Однажды, когда Лазар шел к аббату, его остановил Пруан.
— Сударь, — заговорил он робко, но с лукавой усмешкой в глазах, — я хотел спросить вас про дерево, что гниет там на берегу.
— В чем же дело?
— Если оно вам больше не нужно, вы бы отдали его нам. Мы бы им по крайности топить стали.
Молодой человек
— Это невозможно! Я уже подрядил плотников и на будущей неделе возобновляю стройку.
Бонвиль опять заволновался: скоро будет новое представление — сын Шанто все еще упрямится. Прошло две недели; всякий раз, как рыбаки встречали Лазаря, они неизменно спрашивали, почему он не начинает работ, может быть, не находит плотников? И Лазару в конце концов пришлось заняться волнорезами, уступив также и настояниям Полины, которая предпочитала найти ему занятие тут же, возле себя. Но он принялся за дело без одушевления, его побуждала только старая вражда к морю; Лазар надеялся теперь обуздать его. «Будет оно у меня лизать бонвильские утесы, как укрощенный зверь», — говорил он.

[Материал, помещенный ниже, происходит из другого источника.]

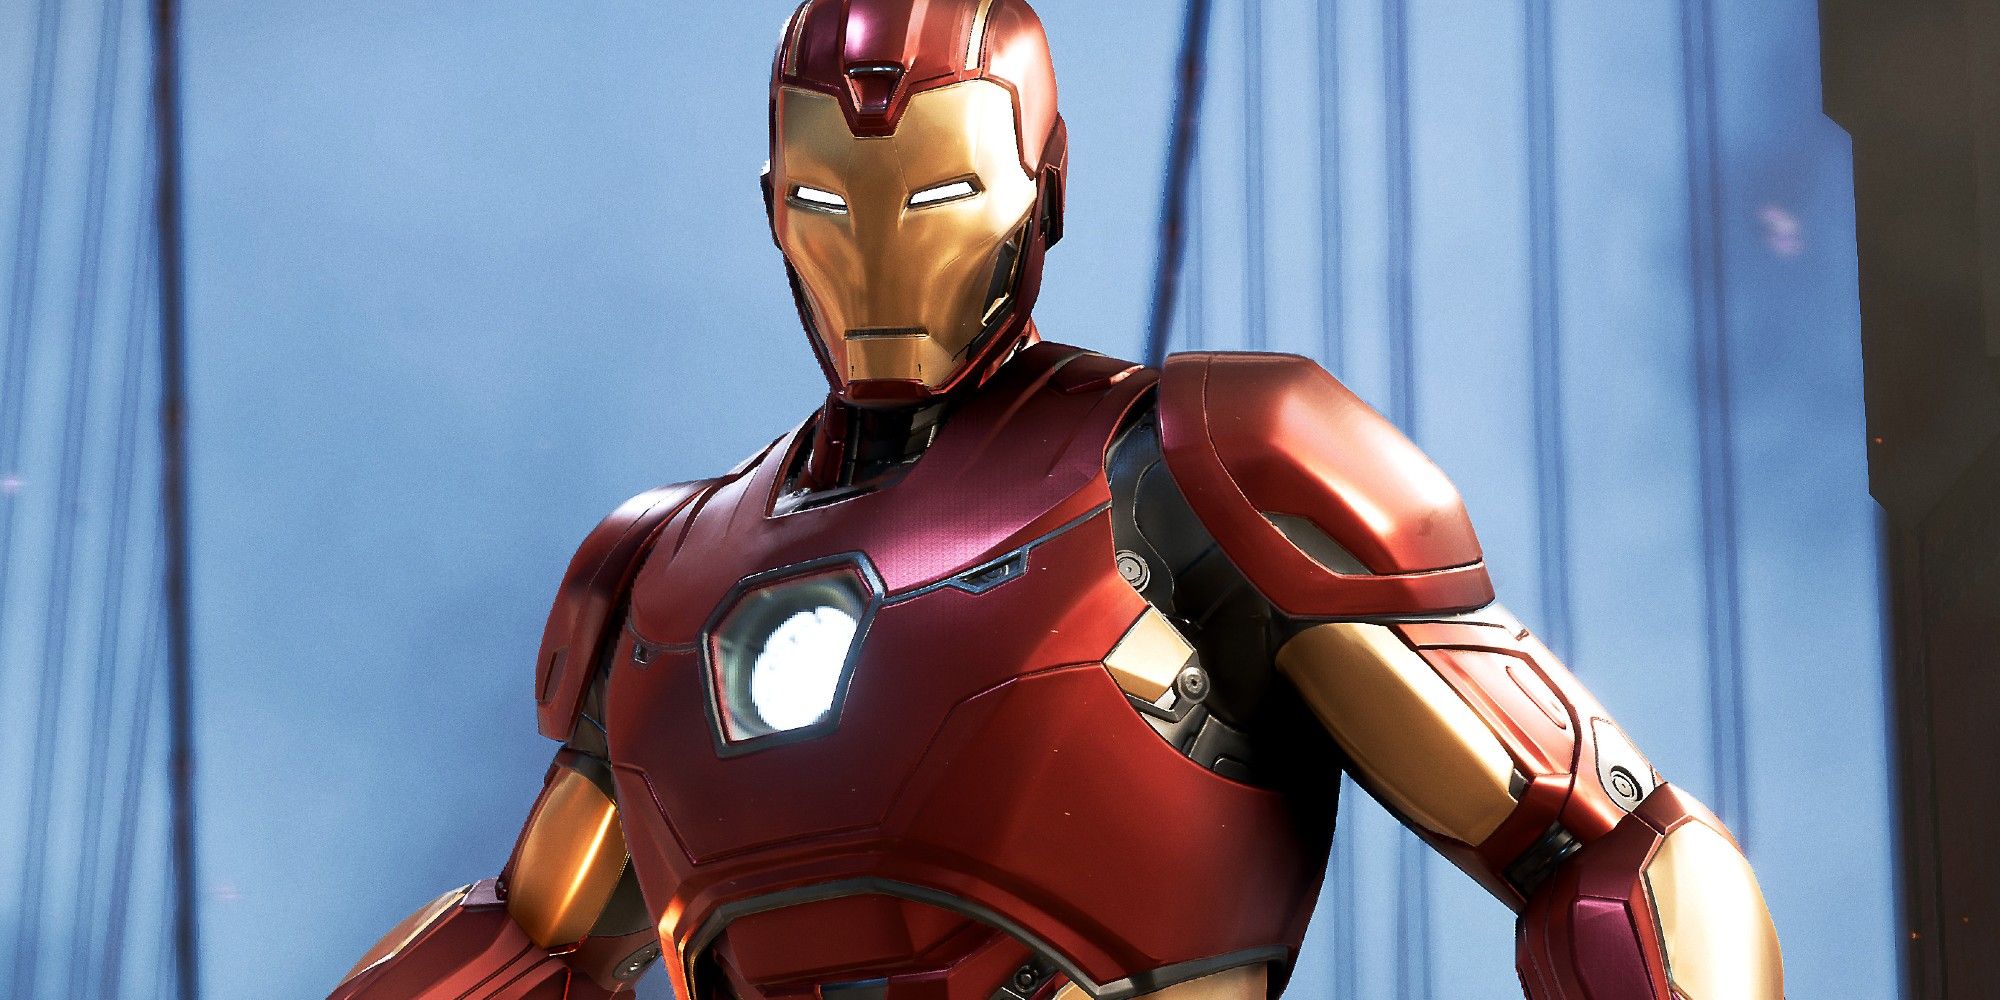 Iron Man battling Taskmaster's Army in Marvel's Avengers

Лазар снова засел за чертежи и расчеты. Он наново вычислил углы сопротивления и удвоил количество устоев. При этом расходы не должны были сильно увеличиться: он собирался использовать прежнее дерево. Плотник представил смету, составившую около четырех тысяч франков. Сумма была сравнительно небольшая, и Лазар согласился взять ее взаймы у Полины, — он уверен, сказал Лазар, что Генеральный совет департамента без возражений отпустит нужные деньги. Такая тактика даже казалась ему единственно разумной, ибо совет, конечно, не даст ни гроша, пока разбитые волнорезы будут валяться на берегу. Это решение вопроса немного подогрело его рвение, и работы пошли довольно бойко. Теперь Лазар был очень занят, он каждую неделю ездил в Кан для переговоров с префектом и с влиятельными членами совета. Когда уже кончали установку срубов, Лазар добился наконец от совета обещания прислать в Бонвиль инженера; осмотрев работы, он сделает доклад, на основании которого в совете решат вопрос о субсидии.
Инженер приехал и провел целый день в Бонвиле. Он оказался премиям человеком и охотно согласился после осмотра работ позавтракать у Шанто. Хозяева, из деликатности, не желая оказывать на него давления, не стали спрашивать его мнение о работах, но за столом инженер был так любезен с Полиной, что она начала верить в успех этого дела. Поэтому, когда Лазар две недели спустя вернулся из Кана, все были поражены и возмущены привезенными им известиями. Лазар задыхался от гнева. Этот фатоватый красавец-инженер сделал убийственный доклад! Он оставался таким же любезным, но при этом высмеивал каждую доску, каждую балку, употребляя невероятное количество технических терминов. Впрочем, этого и следовало ожидать: эти господа не допускают, чтобы кто-либо, кроме них, мог построить что-то для государства — даже крольчатник! Но хуже всего было то, что на основании доклада совет отказал Лазару в субсидии.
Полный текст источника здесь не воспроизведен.